Thinking back to her childhood, 91-year-old Jean Grey recalls with fondness the pleasures found in the little things, seen through innocent eyes. But Jean’s playground was unlike that of any other child’s. She was living in one of the most remarkable places in England – Stonehenge – but realises she didn’t understand its magnitude or importance at the time.
‘I was only four when we moved there, and didn’t know what it meant as a place,’ she says.
It was 1934 when Jean moved into a cottage at Stonehenge Bottom, on Salisbury Plain, Wiltshire, with her mother and father, Emily and John Moffat, and 18-month-old brother, Ian. ‘As a child, it was home and where my family was, and that was all that mattered,’ she says. ‘There wasn’t a sense of history for me. It was somewhere I played and lived, and it was wonderful.’

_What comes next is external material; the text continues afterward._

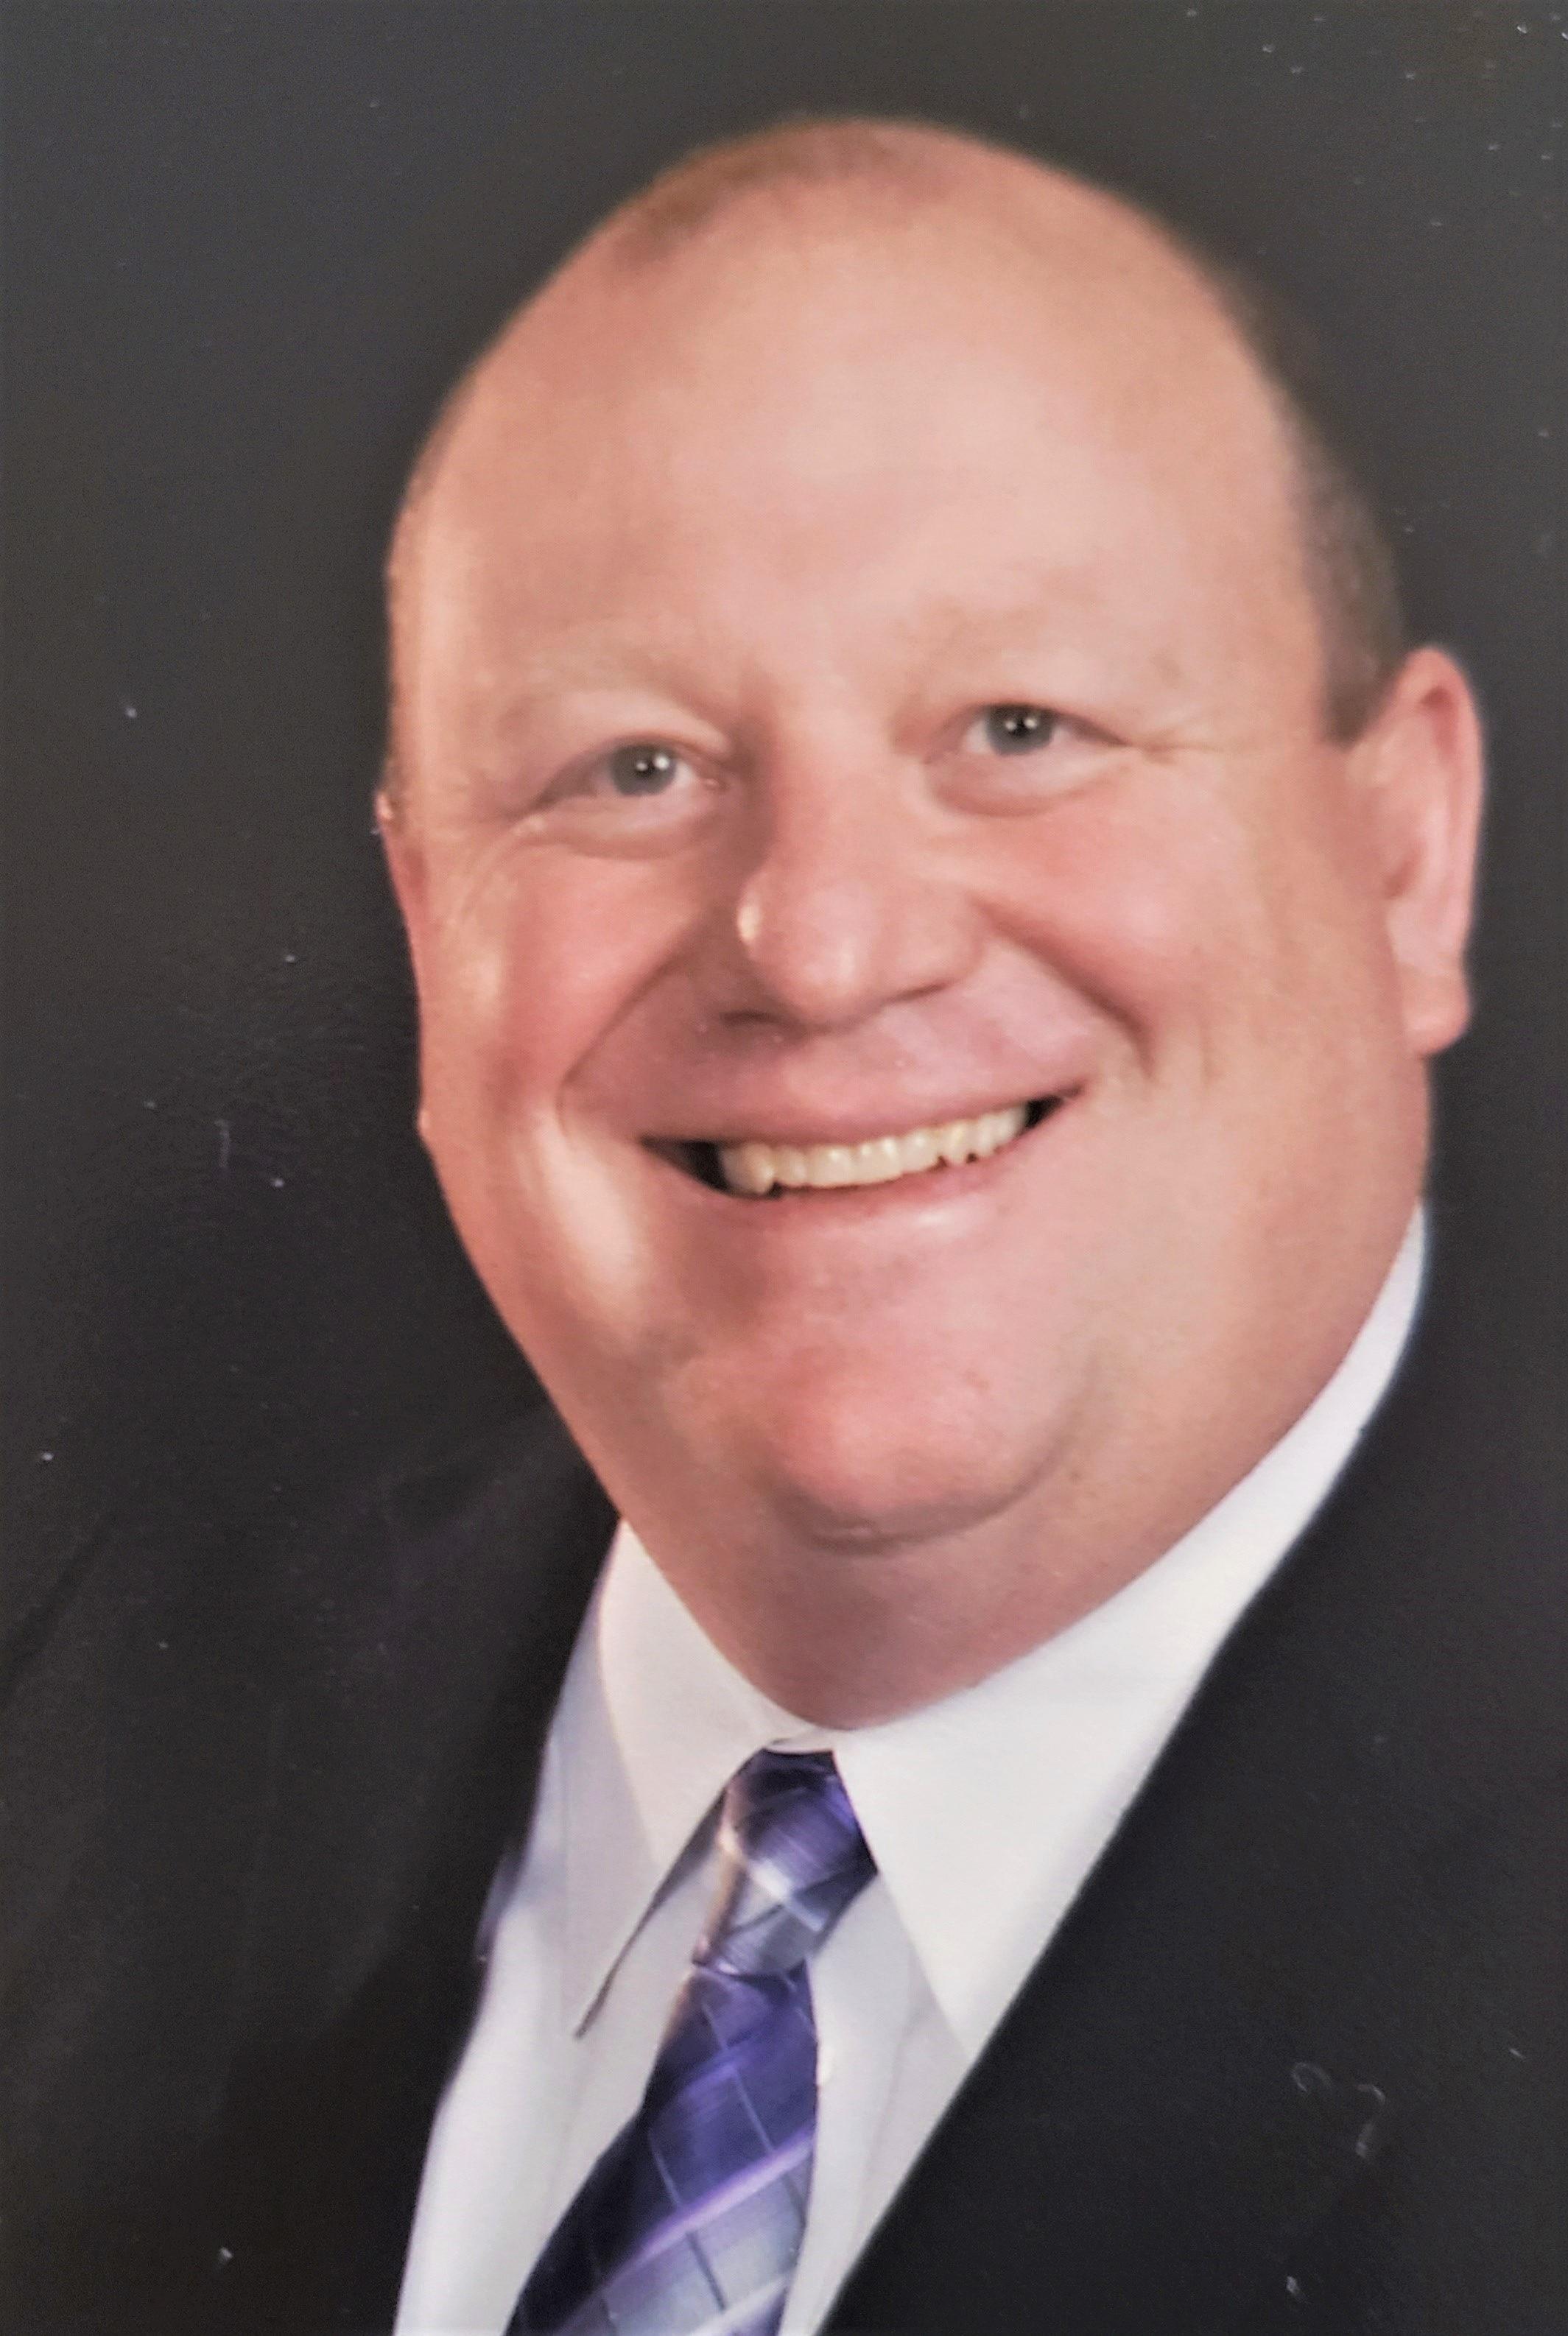 ROBERT AHRENS Financial Professional & Insurance Agent

Her father had served in the Royal Air Force, and before the family moved to Wiltshire, they’d lived in Stockbridge, near an RAF camp, until cuts in the armed services led John to take a job as custodian of the stones. He kept the monument maintained, cutting the grass and making sure no one damaged the giant monoliths.
They weren’t roped off like they are now. For Jean, playing among the stones became a normal part of her life. Living in an isolated area, there weren’t any other local families around or children to play with, and Jean’s brother was still a baby, so she learnt to keep herself company.
‘The stones were my playground and I used to climb among and around them on my own,’ she recalls.